Regarding the time to dantrolene administration, which was shorter in the postimplementation group than in the preimplementation group, no significant difference was observed between the 2 groups. One potential factor that might have influenced the results was the insufficient sample size. Nevertheless, it is noteworthy that the time to dantrolene administration for patients with MH in China is significantly longer than that observed in developed countries [28,32]. Even in the postimplementation group, the median available time for dantrolene remained at 113.5 minutes. In contrast, a previous study reported a median time interval of 45 minutes from the first sign of MH to dantrolene administration in surviving patients [32]. This delay might be closely associated with the limited number of medical institutions equipped with dantrolene, as well as their uneven distribution across China. While some provincial capitals, such as Chengdu and Beijing, have multiple drug storage points to serve their surrounding areas, many others lack such facilities. Consequently, during an MH crisis, dantrolene must be urgently sourced from neighboring provinces and cities, resulting in prolonged waiting times that significantly impact patient outcomes. Despite this, by capitalizing on the steady increase in domestic dantrolene reserves and implementing the MH-NRES, we observed a reduction in mortality among patients with MH, which adds robustness to the study. Starting in 2023, the shelf life of domestic dantrolene injections has been extended to 2 years; this change is anticipated to reduce storage costs and enhance the willingness of major medical institutions to stock this critical drug, thereby improving its accessibility during MH emergencies.

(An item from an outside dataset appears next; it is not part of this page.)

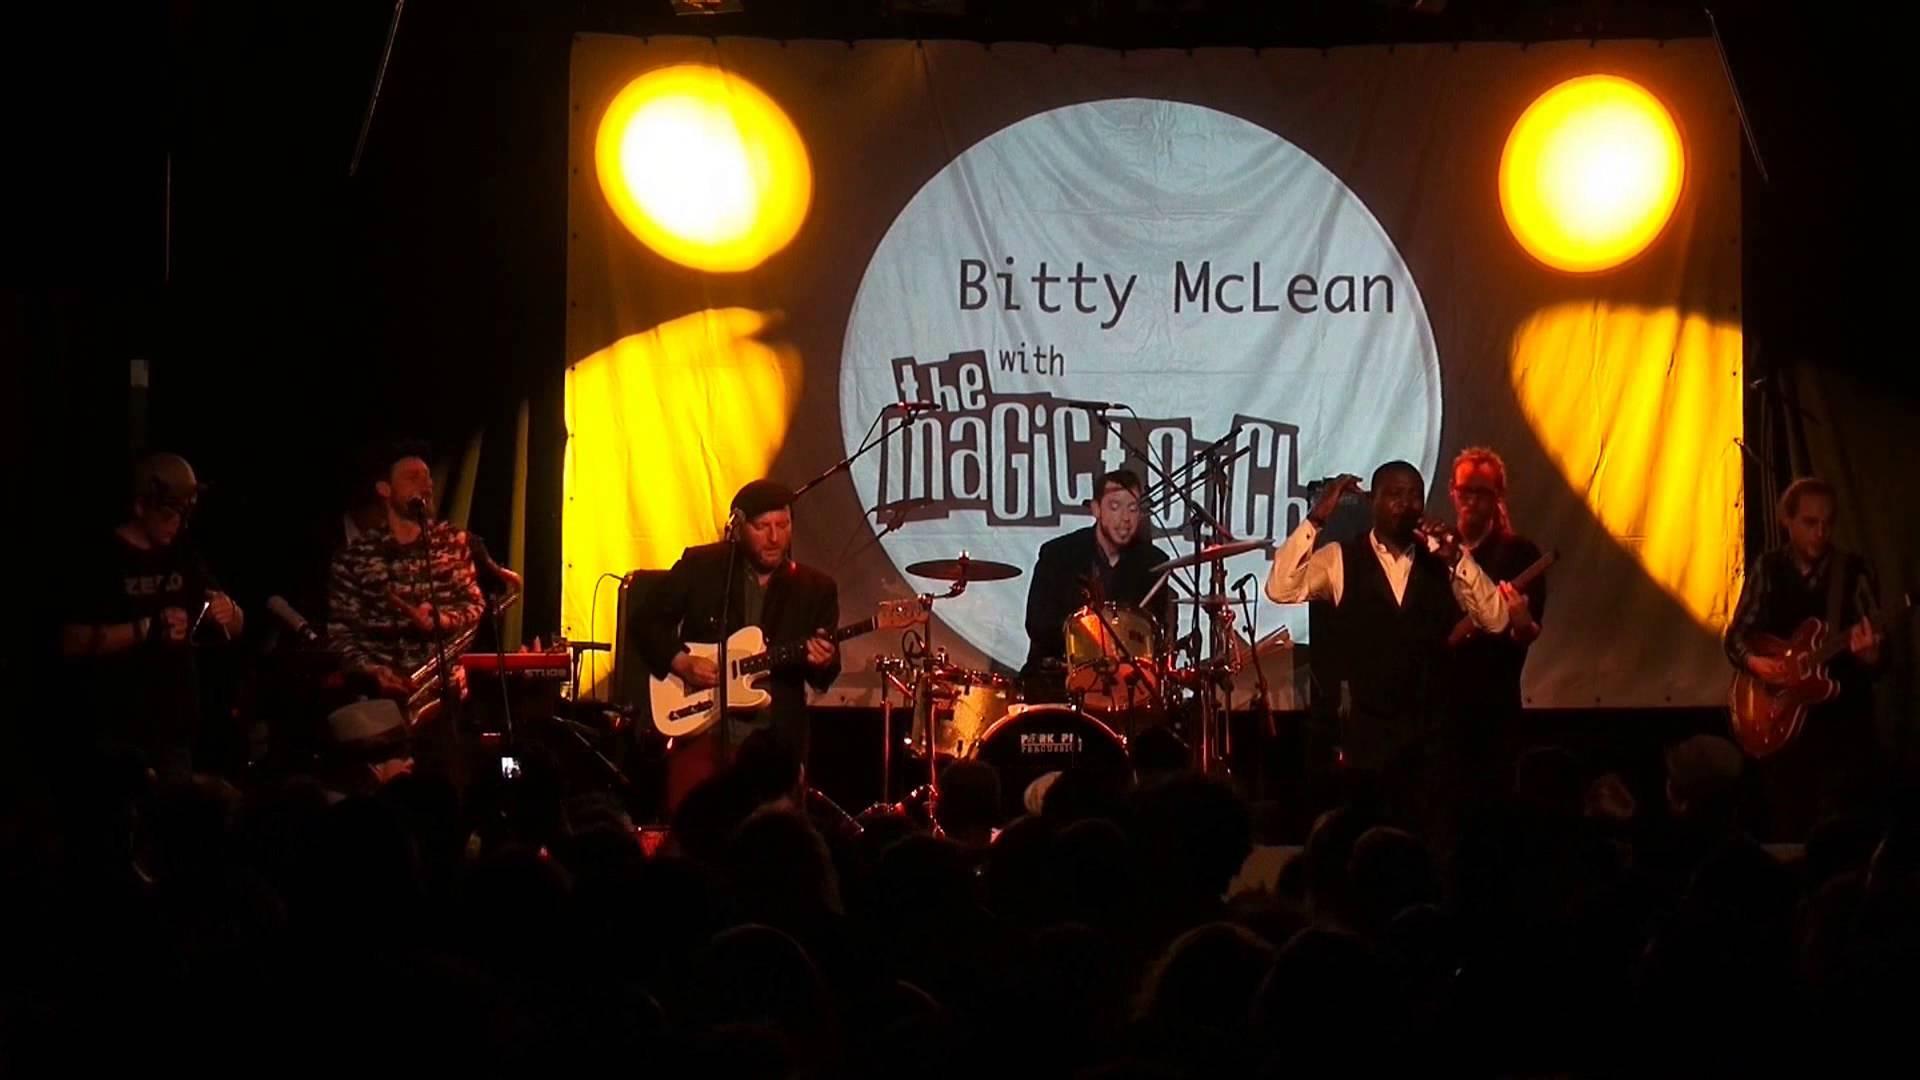 Bitty McLean & The Magic Touch - To Fall In Love in Cologne, Germany @ Freedom Sounds Festival 2015 [4/24/2015]
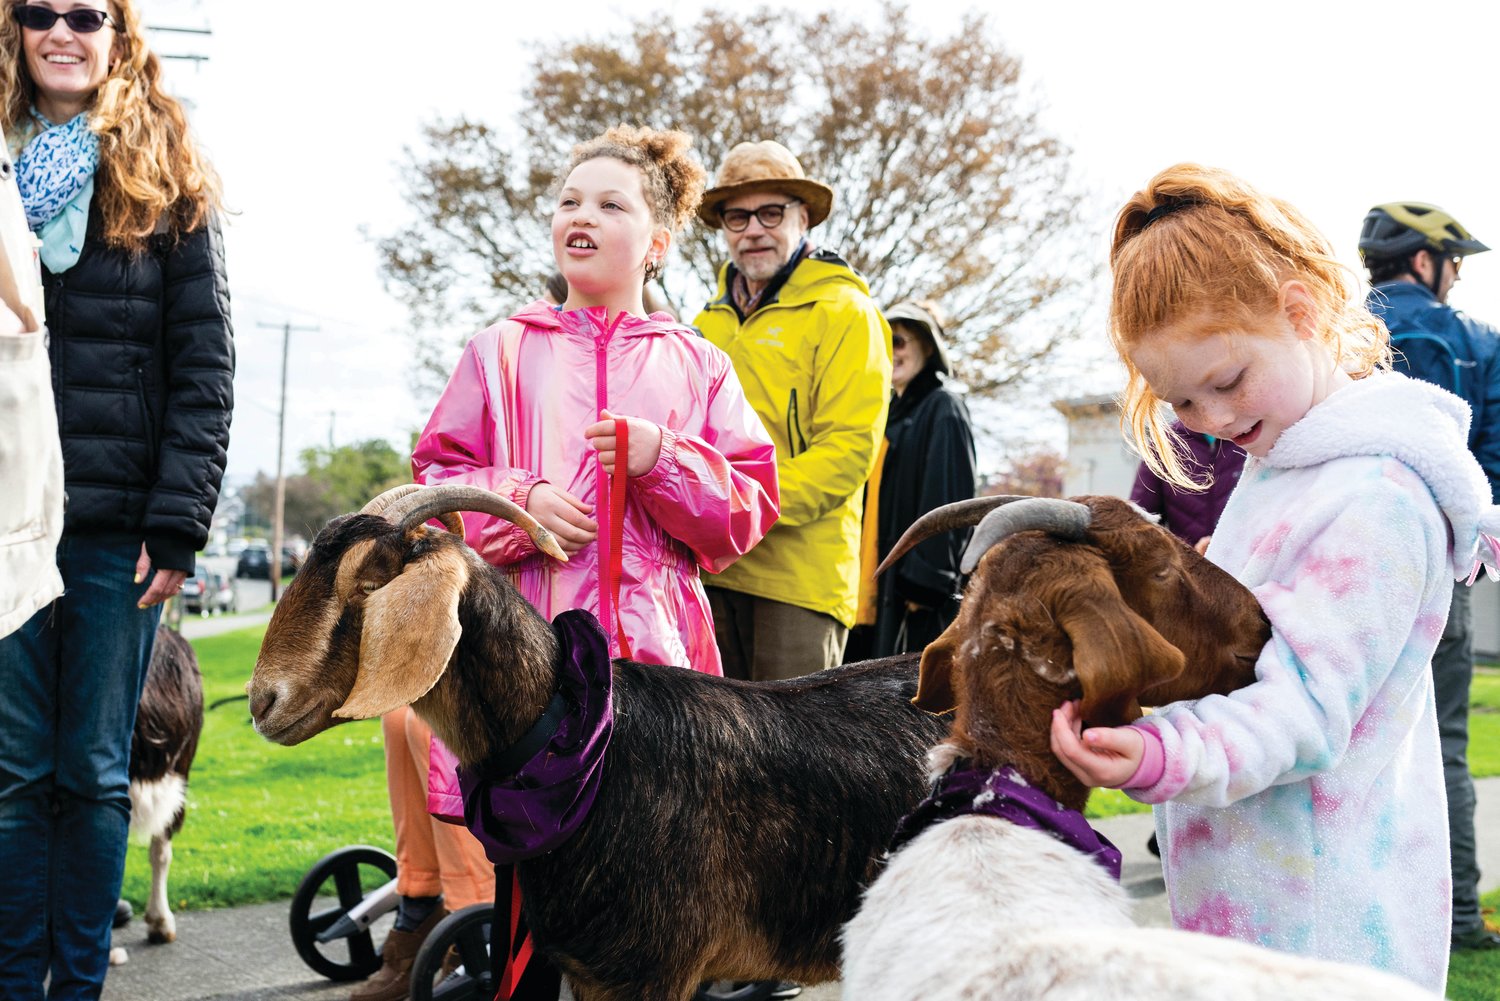 Part of the Port Townsend Farmers Market’s opening day festivities include a goat parade, with grazing critters provided by Ground Control Goats in Port Townsend.

This study has several limitations. First, the diagnosis of MH was based on clinical criteria rather than the gold-standard IVCT, owing to the limited availability of MH diagnostic laboratories in China. Although this approach aligns with international emergency protocols [4,5], it may introduce potential diagnostic uncertainty. The implementation of the MH-NRES underscores the necessity for concurrent development of MH diagnostic infrastructure. Establishing regional MH diagnostic centers equipped with IVCT and genetic testing capabilities in China could address this gap. This centralized model would align with China’s tiered health care system, not only enhancing diagnostic accuracy but also promoting genetic counseling and research collaborations, as demonstrated by the successful model established by the North American Malignant Hyperthermia Registry. Second, given the low incidence of MH, the number of patients enrolled in the study over a 2-year period was relatively small. Consequently, our findings only summarized the preliminary application results of this new emergency model. Future research will necessitate additional time, increased participation from anesthesiologists, and a more comprehensive analysis of treatment outcomes for patients with MH to fully evaluate the efficacy of this emergency approach. Third, the MH database contained a limited number of cases and presented missing data in case reports, such as insufficient detailed information on symptomatic and supportive treatments as well as patient follow-up, which impeded meaningful comparisons between the 2 groups. Finally, a potential bias in patient inclusion was identified in this study, as certain MH cases were not included as they did not use the MH-NRES or contact the CMHEA group. This may affect the generalizability and accuracy of the findings.

In conclusion, the MH-NRES aids in enhancing the clinical diagnostic sensitivity of MH and the timely administration of dantrolene, decreasing mortality rates among patients with MH. This system represents a rare disease perioperative management model and constitutes a specialized perioperative management approach for rare diseases that suits the current medical situation in China.